In Representing the Good Neighbor, Carol A. Hess investigates the reception of Latin American art music in the US during the Pan American movement of the 1930s and 40s. An amalgamation of economic, political and cultural objectives, Pan Americanism was premised on the idea that the Americas were bound by geography, common interests, and a shared history, and stressed the psychological and spiritual bonds between the North and South. Threatened by European Fascism, the US government wholeheartedly embraced this movement as a way of recruiting Latin American countries as political partners.
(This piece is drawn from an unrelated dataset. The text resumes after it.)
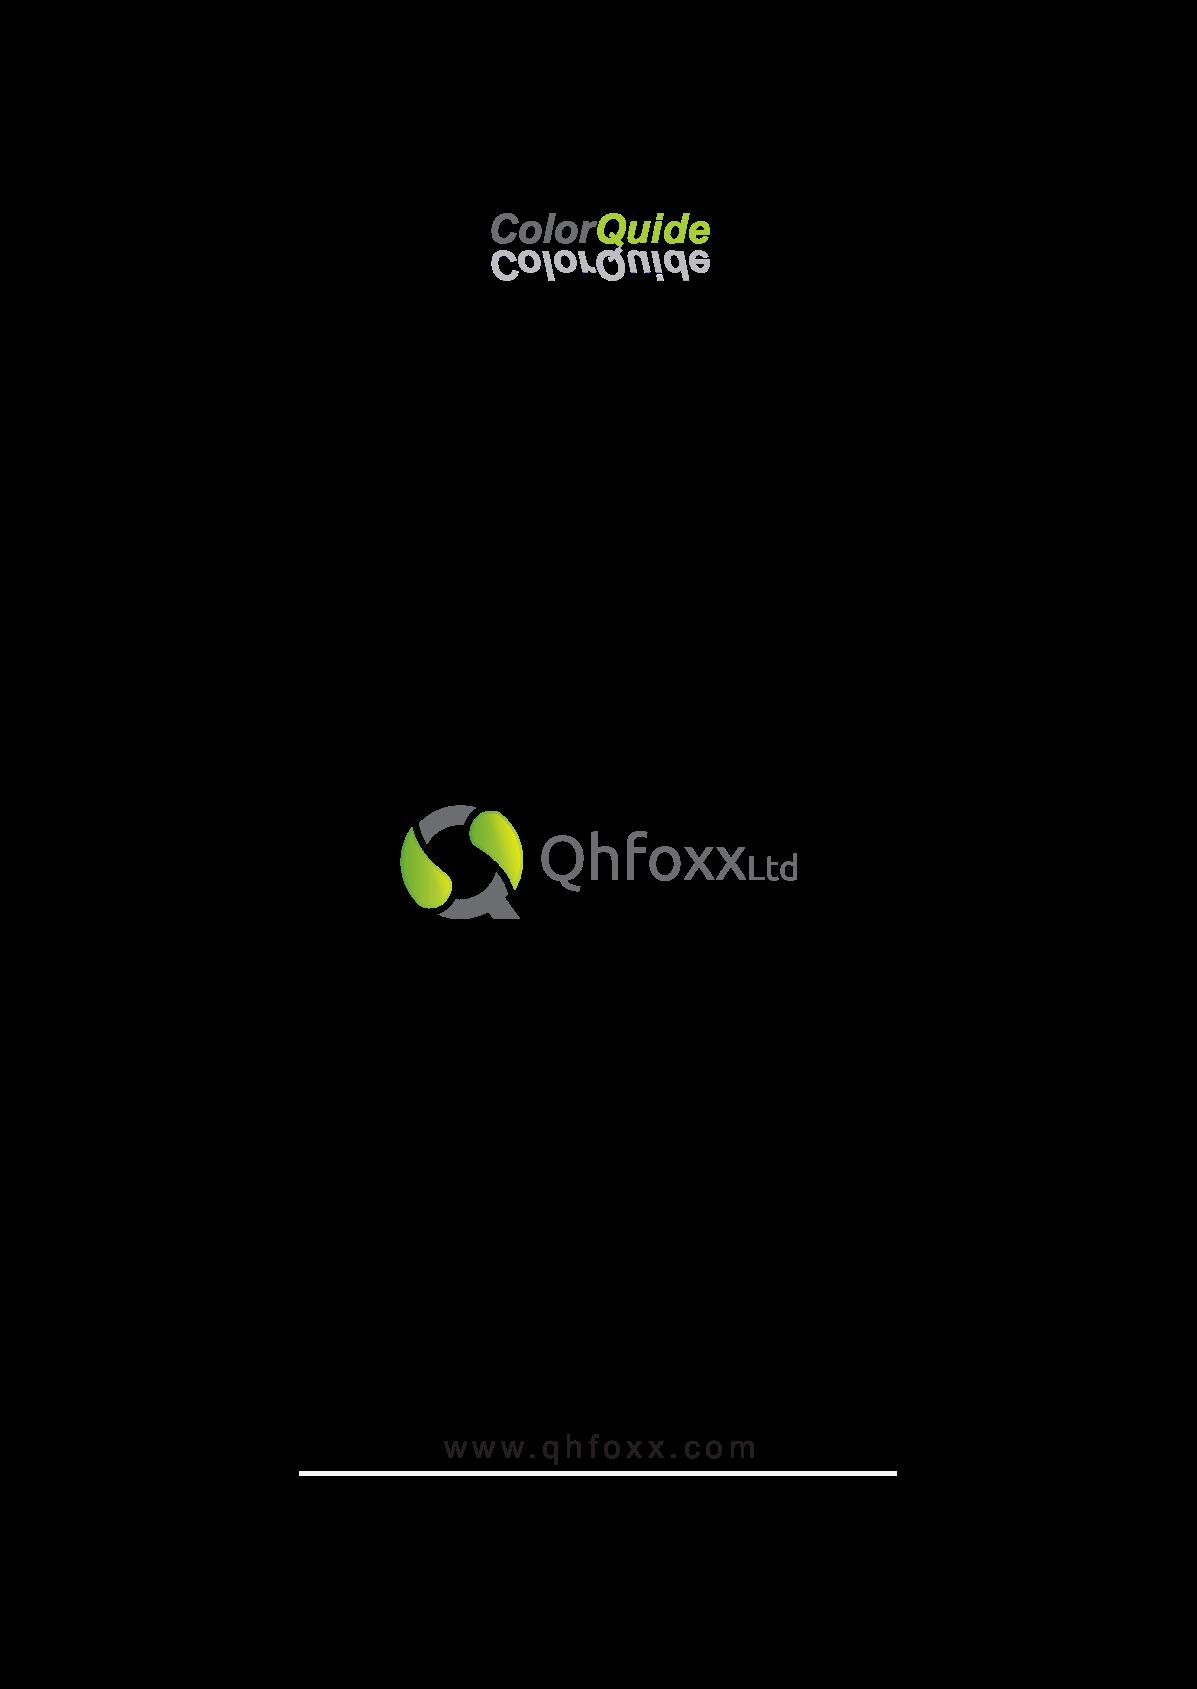 Logo/Business card and letterhead

In a concerted effort to promote a sameness-embracing attitude between the US and Latin America, it established, in collaboration with entities such as the Pan American Union, exchange programs for US and Latin American composers as well as a series of contests, music education projects, and concerts dedicated to Latin American music.

Through comparisons of the work of three of the most prominent Latin American composers of the period—Carlos Chávez, Heitor Villa-Lobos and Alberto Ginastera—Hess shows that the resulting explosion of Latin American music in the US during the 30s and 40s was accompanied by a widespread—though by no means universal—embracement by critics as an exemplar of cosmopolitan universalism. Aspects shared between the music of US composers and that of their neighbors to the south were often touted and applauded. Yet, by the end of the Cold War period, critics had reverted to viewing Latin American music through the lens of difference and exoticism. In comparing these radically different modes of reception, Hess uncovers how and why attitudes towards Latin American music shifted so dramatically during the middle of the twentieth century, and what this tells us about the ways in which the history of American music has been written. As the first book to examine in detail the critical reception of Latin American music in the United States, Representing the Good Neighbor promises to be a landmark in the field of American music studies, and will be essential reading for students and scholars of music in the US and Latin America during the twentieth-century. It will also appeal to historians studying US-Latin America relations, as well as general readers interested in the history of American music.